Prompt: Transcribe each record word for word. Skip the images.

━━━━

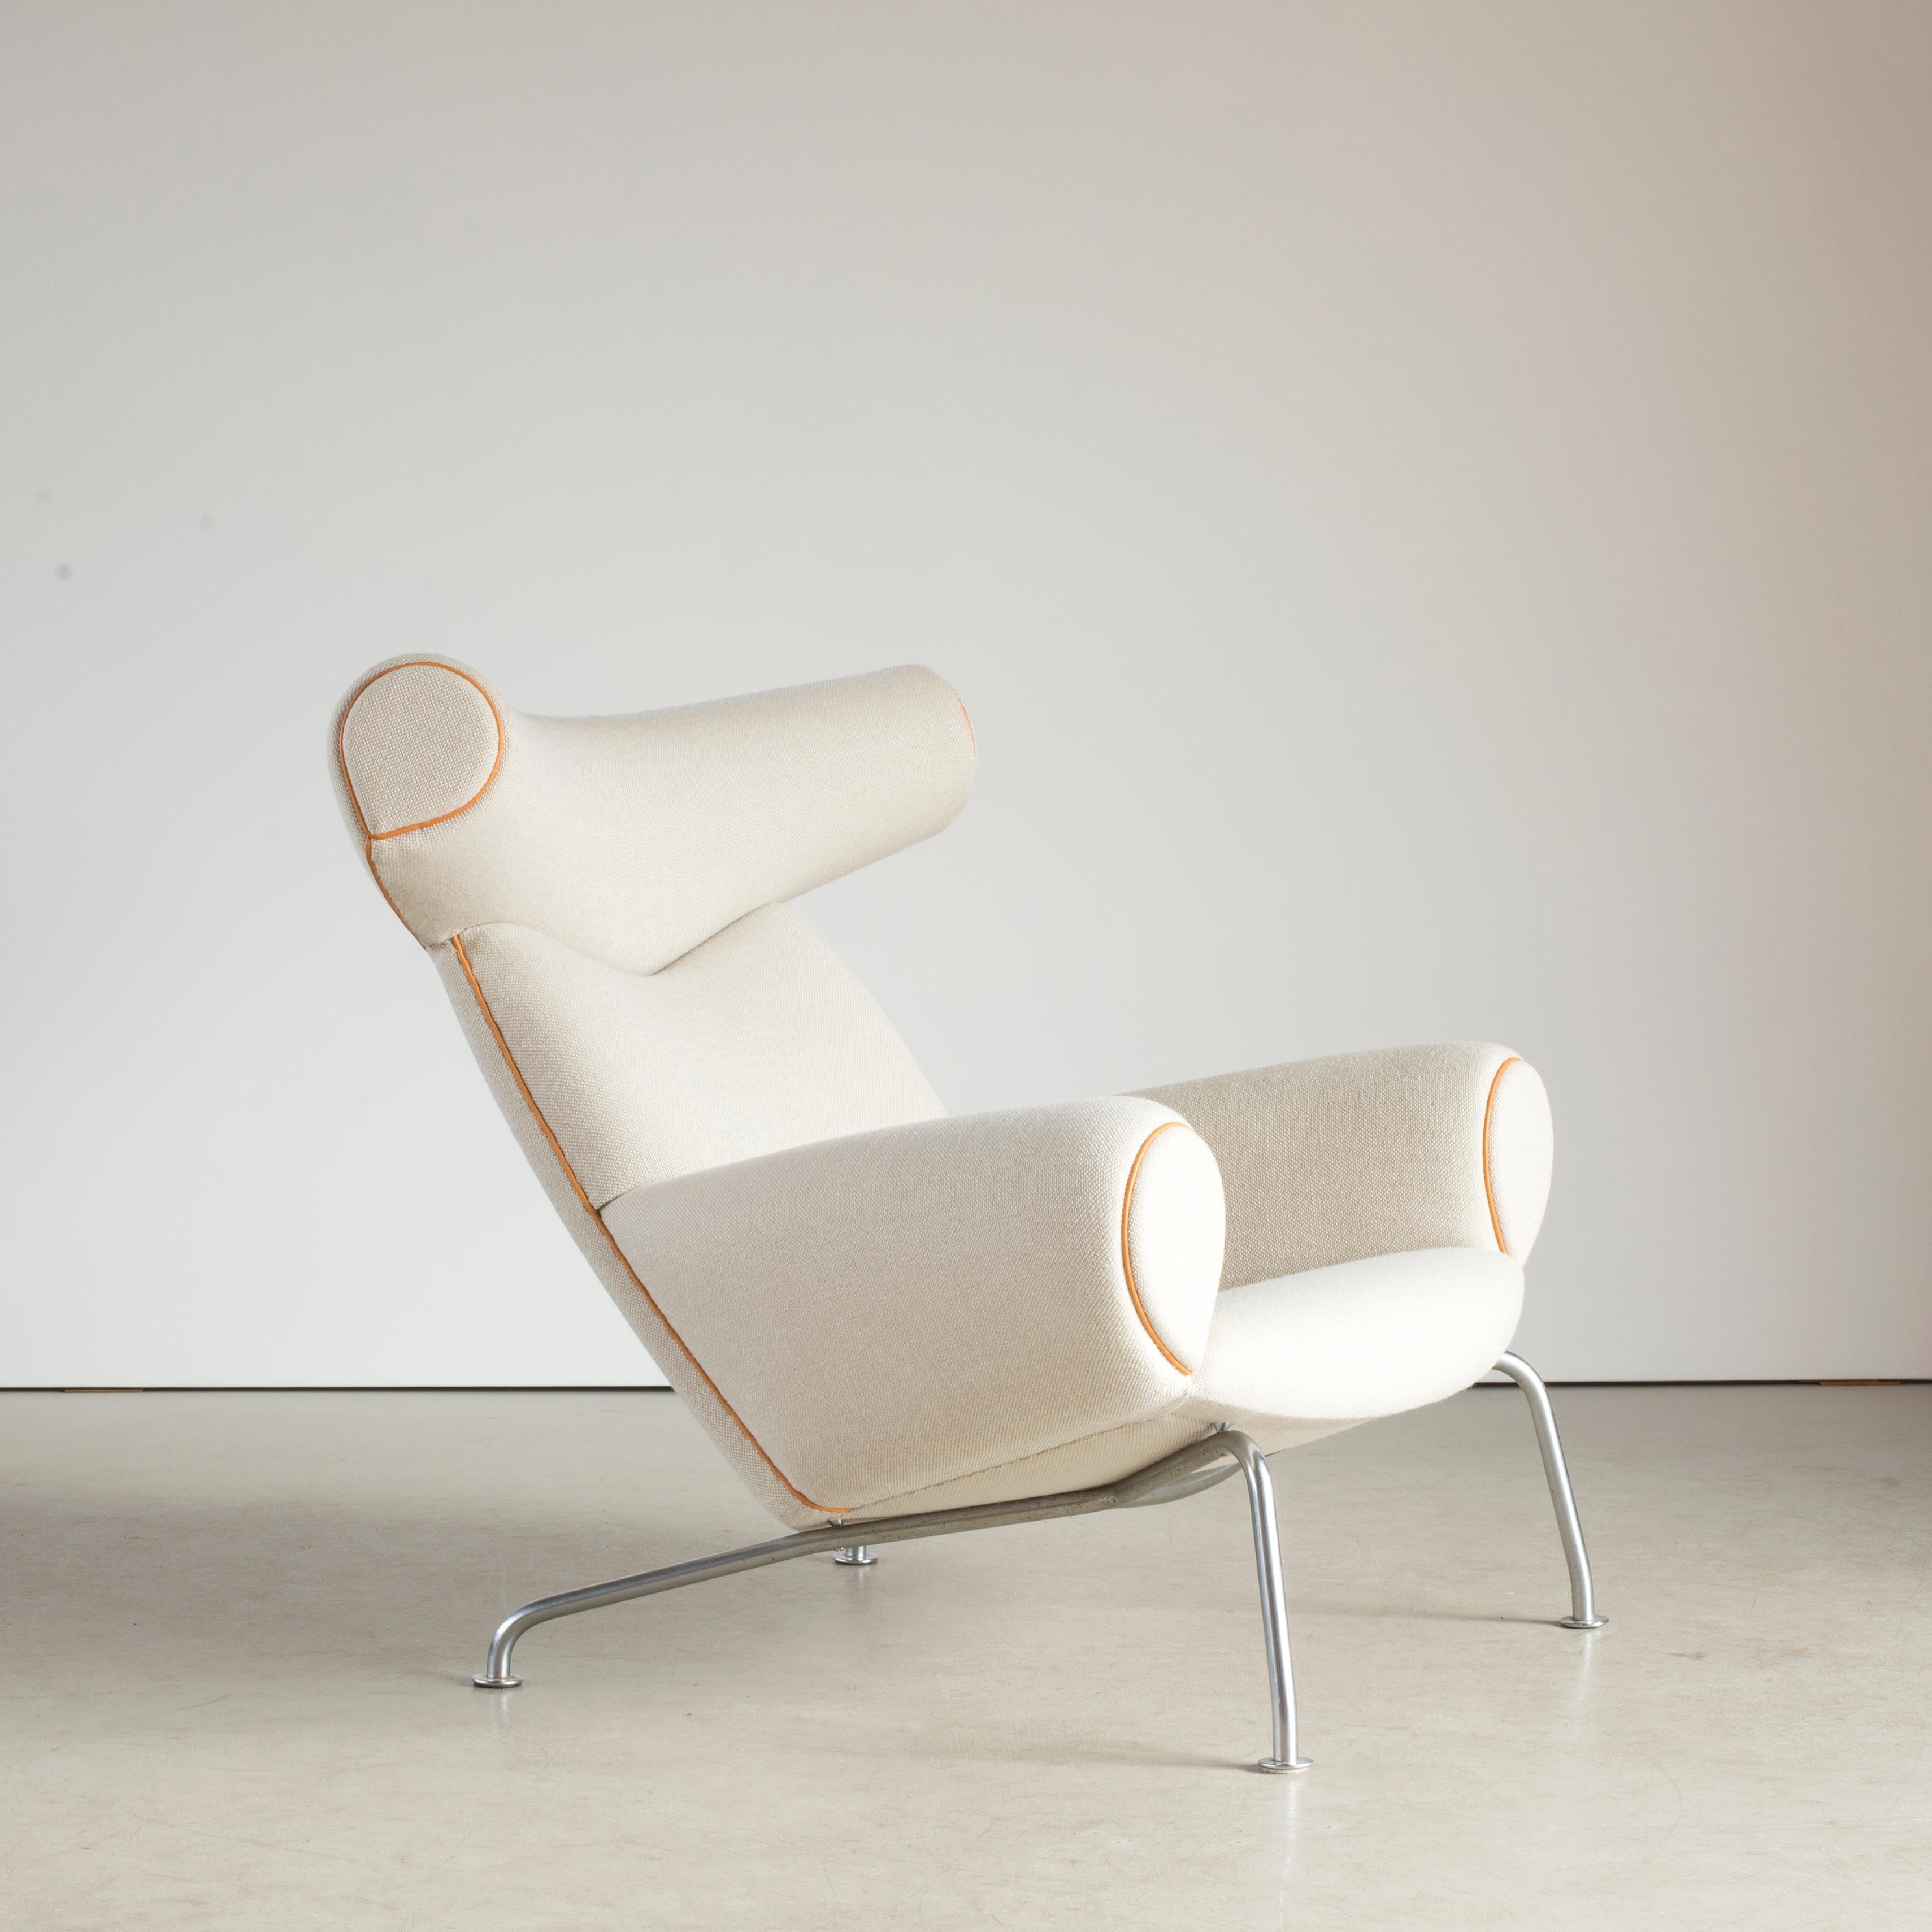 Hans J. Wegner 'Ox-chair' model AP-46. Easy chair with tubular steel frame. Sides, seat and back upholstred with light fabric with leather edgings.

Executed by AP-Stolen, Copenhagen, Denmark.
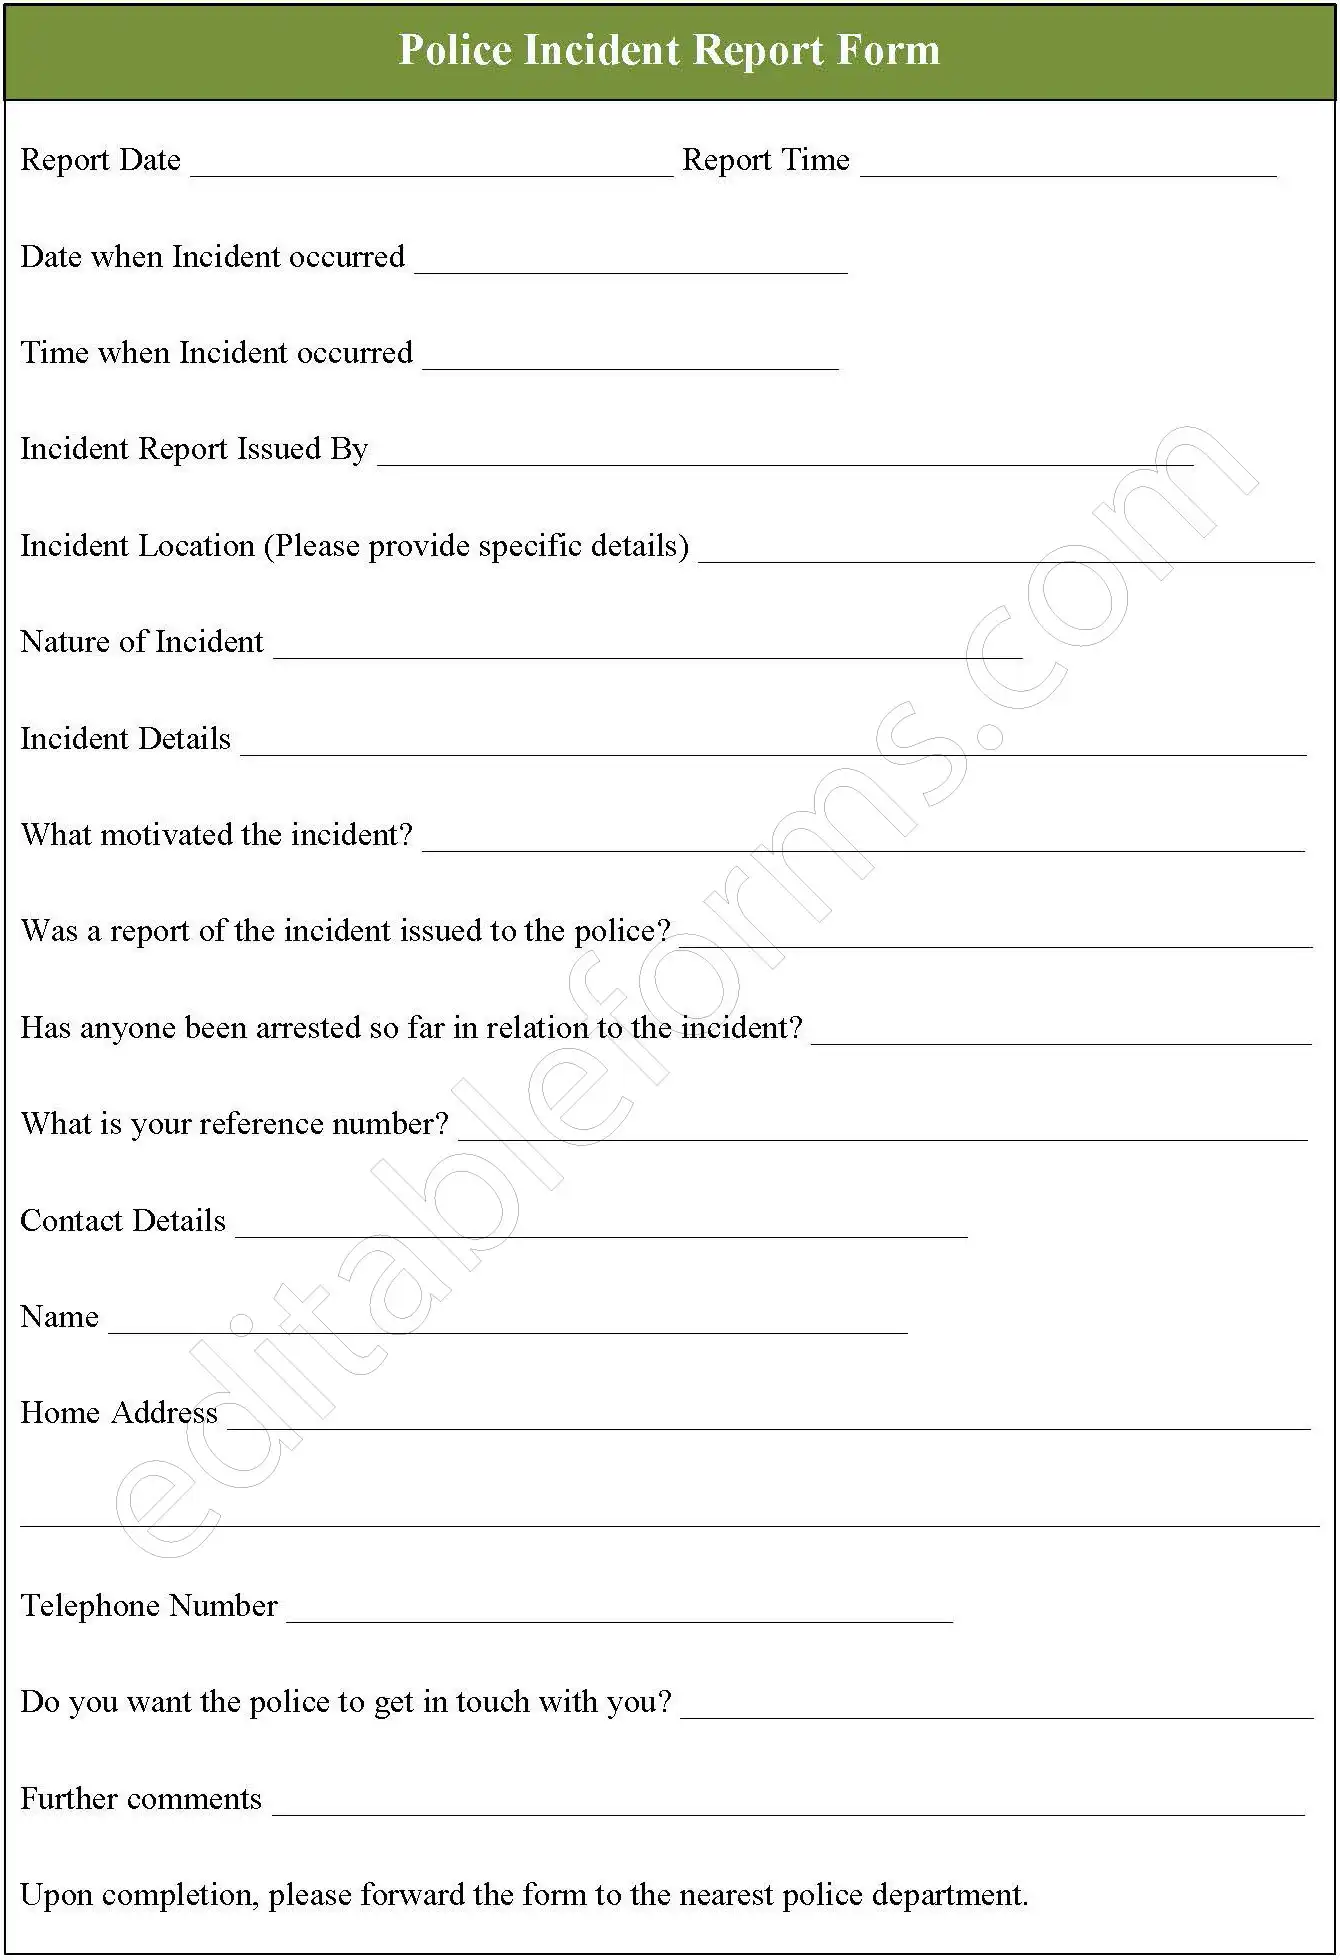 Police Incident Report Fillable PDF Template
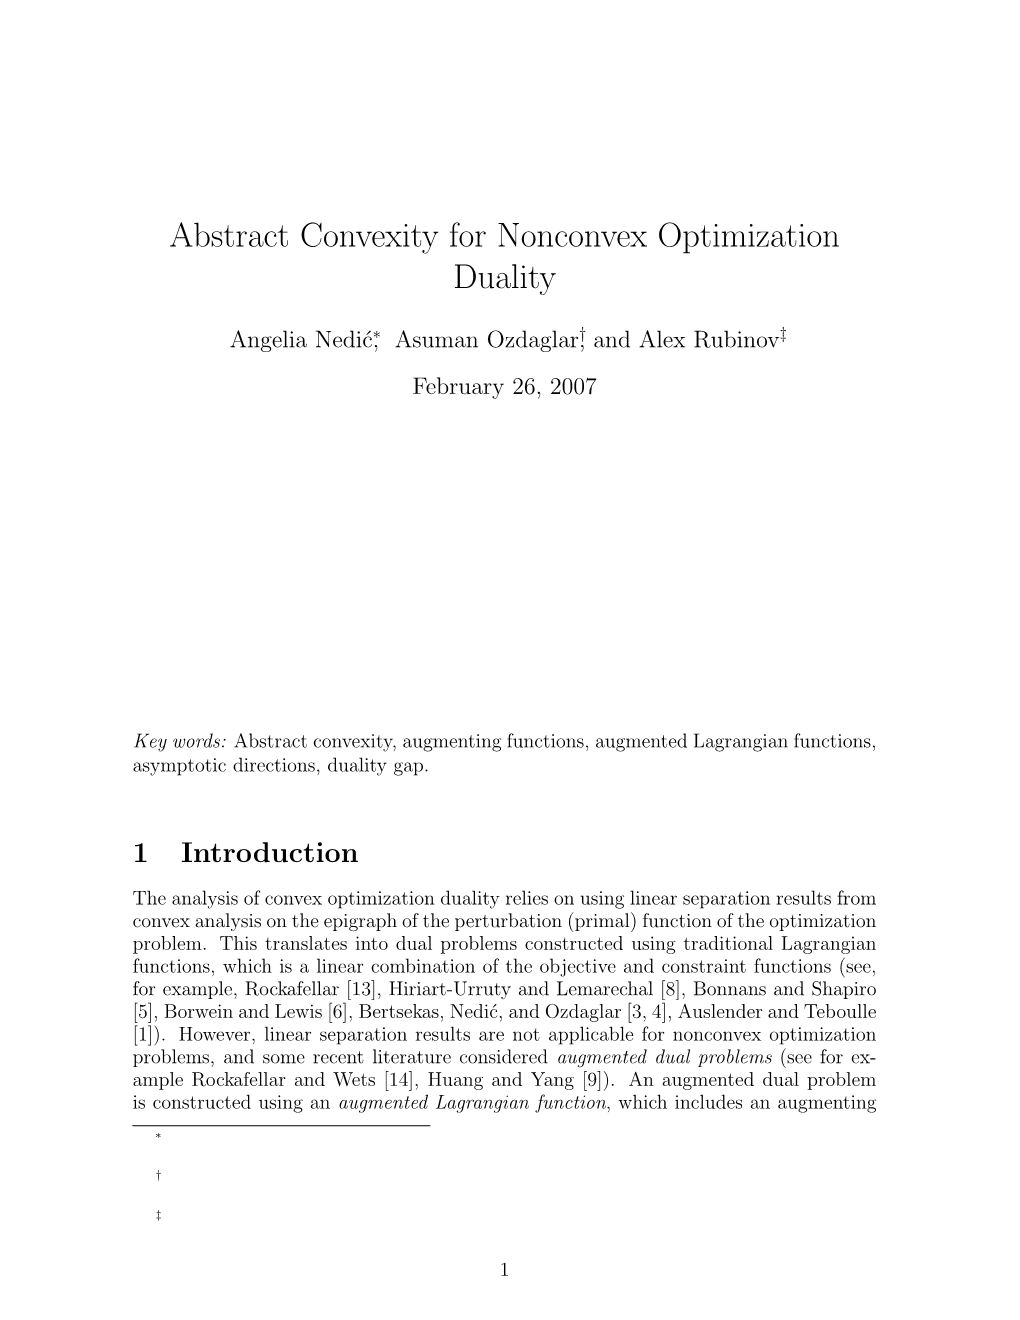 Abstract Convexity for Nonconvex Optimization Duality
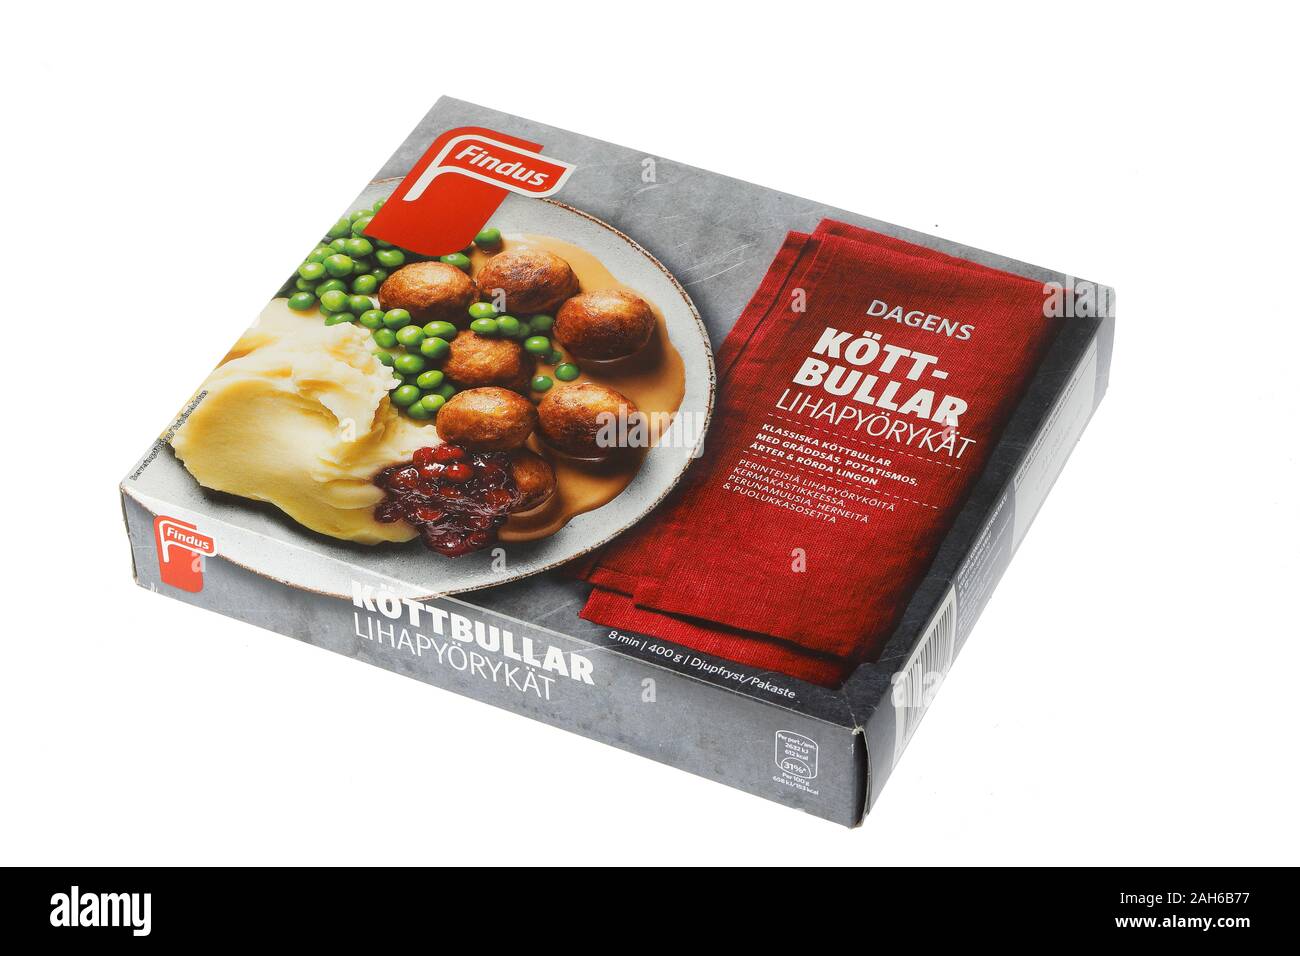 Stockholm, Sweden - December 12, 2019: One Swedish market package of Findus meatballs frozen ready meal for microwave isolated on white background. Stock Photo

━━━━

Solution:
 Hans J. Wegner 'Ox-chair' model AP-46. Easy chair with tubular steel frame. Sides, seat and back upholstred with light fabric with leather edgings.

Executed by AP-Stolen, Copenhagen, Denmark.
 Police Incident Report Fillable PDF Template
 Abstract Convexity for Nonconvex Optimization Duality
 Stockholm, Sweden - December 12, 2019: One Swedish market package of Findus meatballs frozen ready meal for microwave isolated on white background. Stock Photo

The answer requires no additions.